Kenya’s tea price slumps to $1.80 per kilogram

Kenya's tea price slumps to $1.80 per kilogram | News Central TV

Kenyan tea prices have slumped to their lowest level in at least five years. This has been attributed to excess supplies and weak demand in the main export markets, according to the East African Tea Trade Association (EATTA).

Kenya is the leading exporter of black tea in the world and the crop is also one of its top foreign exchange-earners, along with tourism, flower exports and cash sent home by the diaspora.

The average price of Kenyan tea at the weekly auction in the port city of Mombasa has fallen to $1.80 per kilogram, said EATTA, which represents growers, buyers, brokers and tea packers in 10 countries in the region.

That, compared with last year’s average price of $2.58, and the industry’s cost of production of around $2, EATTA said. The last time average weekly prices dipped below $2 was in 2014, according to EATTA managing director Edward Mudibo.

Meanwhile, the Kenyan shilling sank to a near five year low earlier this week, partly due to concerns about export earnings in the wake of the slump in the price of tea.

Mudibo blamed the oversupply on stocks that were held over from last year when Kenya had a bumper tea crop.

Mudibo further explained that at the same time, global output from last year was 5.85 billion kilograms against consumption of 5.61 billion kilograms, leaving a surplus of 240 million kilograms.

Economic challenges in the top three importers of Kenyan tea – Pakistan, Egypt and Britain – had also led to a reduction in demand.

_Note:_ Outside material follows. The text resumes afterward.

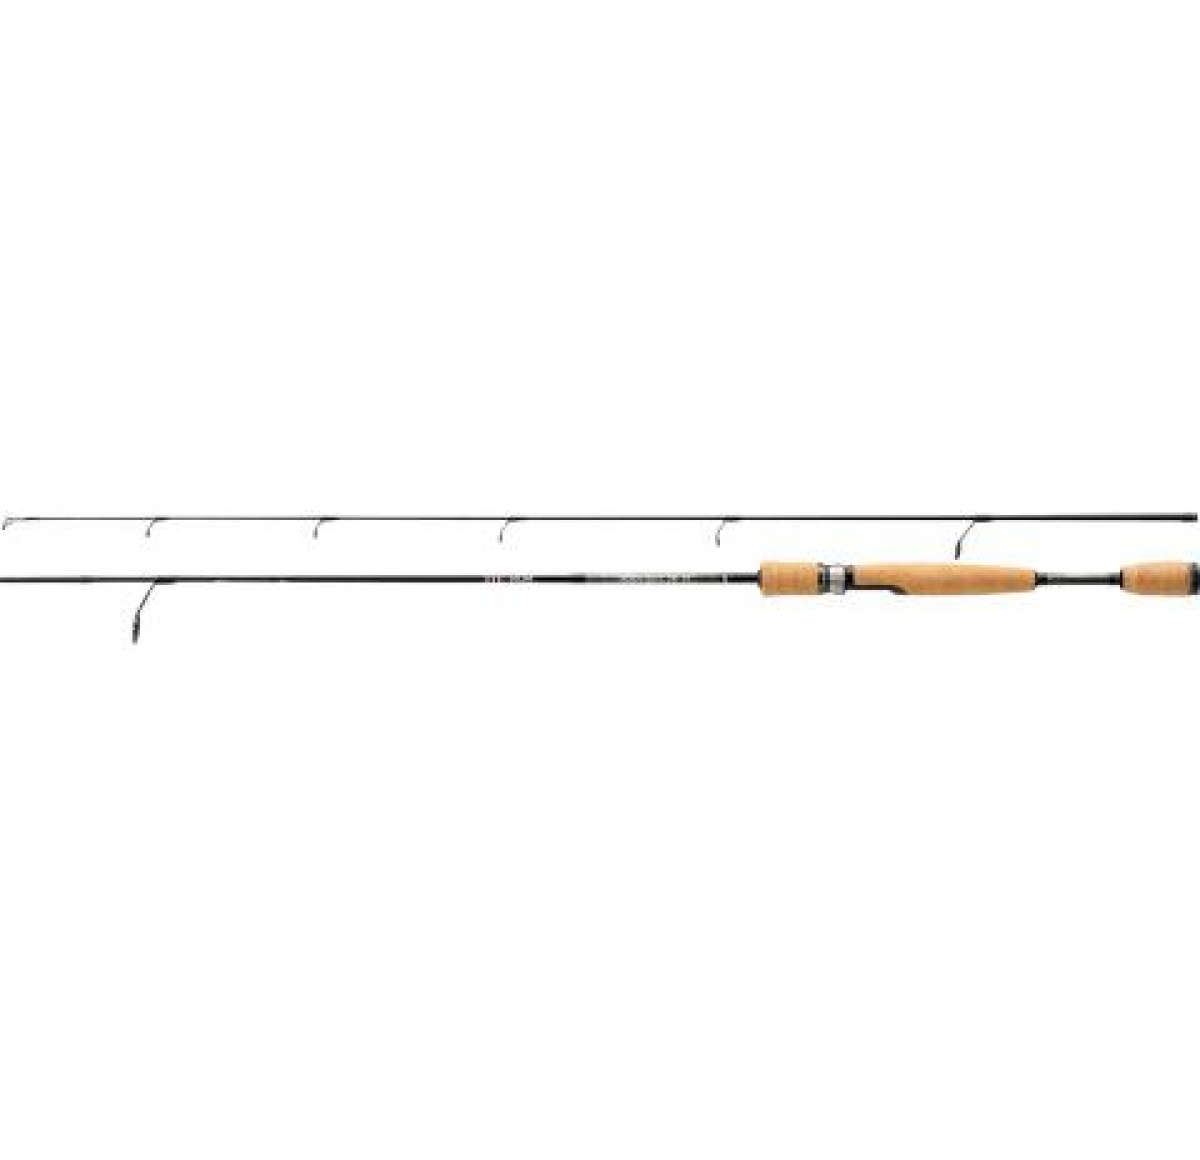 Jaxon Eternum Speedy Spin UL 192 cm 1-8 g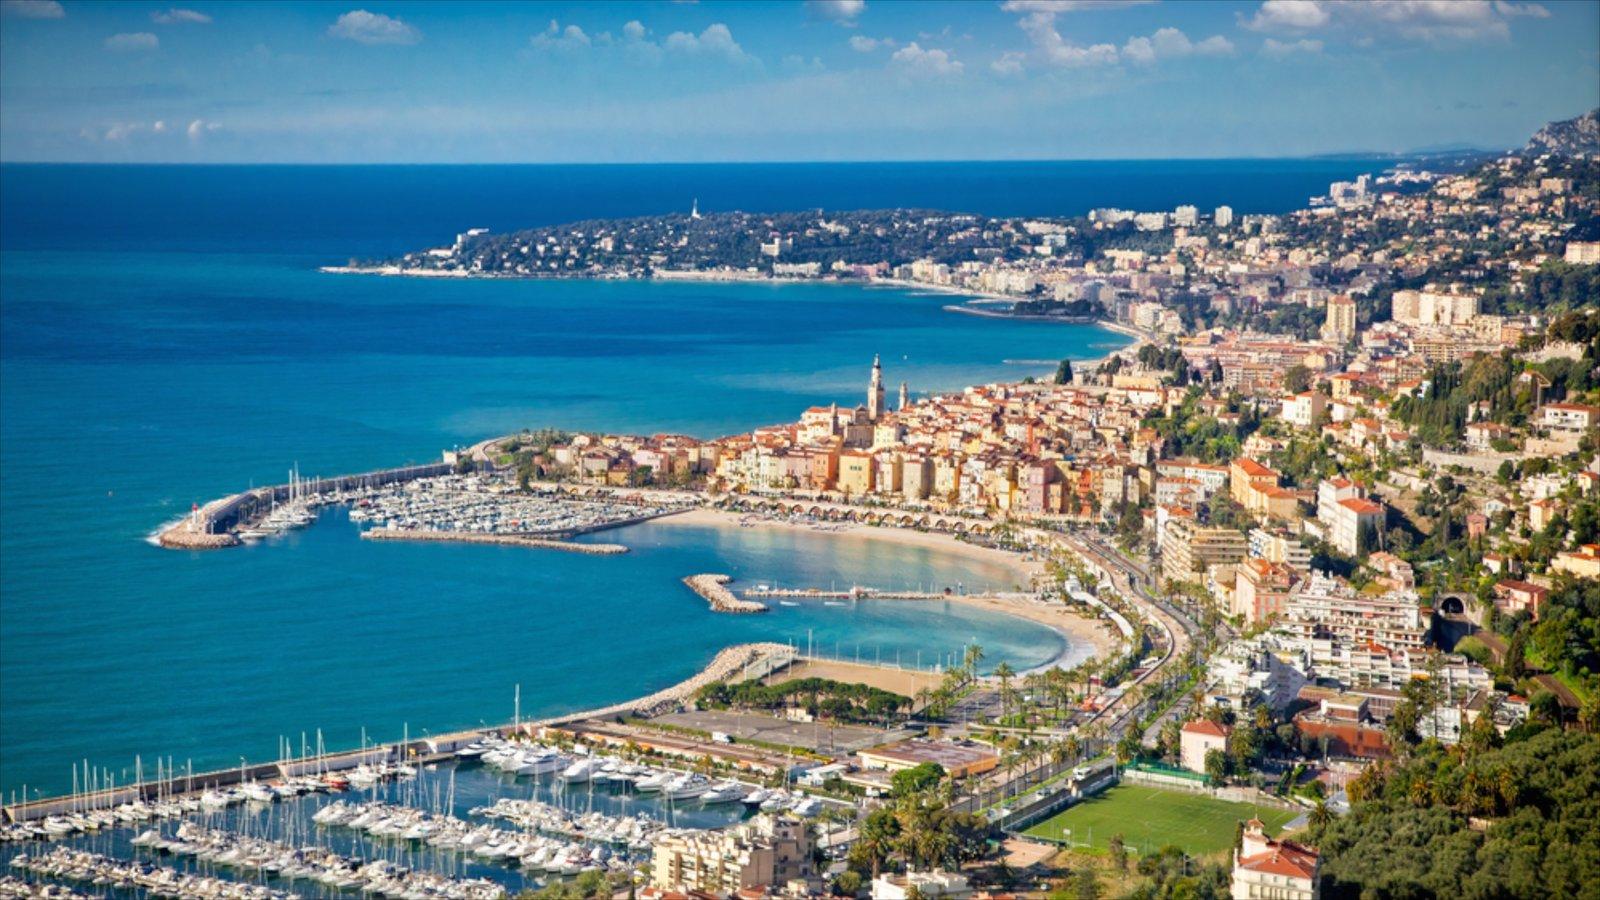 Fotos De San Remo Ver Fotos E Im 225 Genes De San Remo

Mudibo adds while calling on action to be taken to stem the glut that;

“The farmers should face the reality that they will not get a good bonus this year, it will be lower than last year”.

“The focus should now be on the quality of the tea rather than volumes. We should not be proud of the quantities. We are calling for a go-slow in terms of increasing the acreage under tea.”

He also called on farmers to switch to speciality teas, like purple tea, which attracts higher prices from health-conscious consumers.

Officials in the government’s Tea Directorate, which regulates the industry, were not immediately available for comment.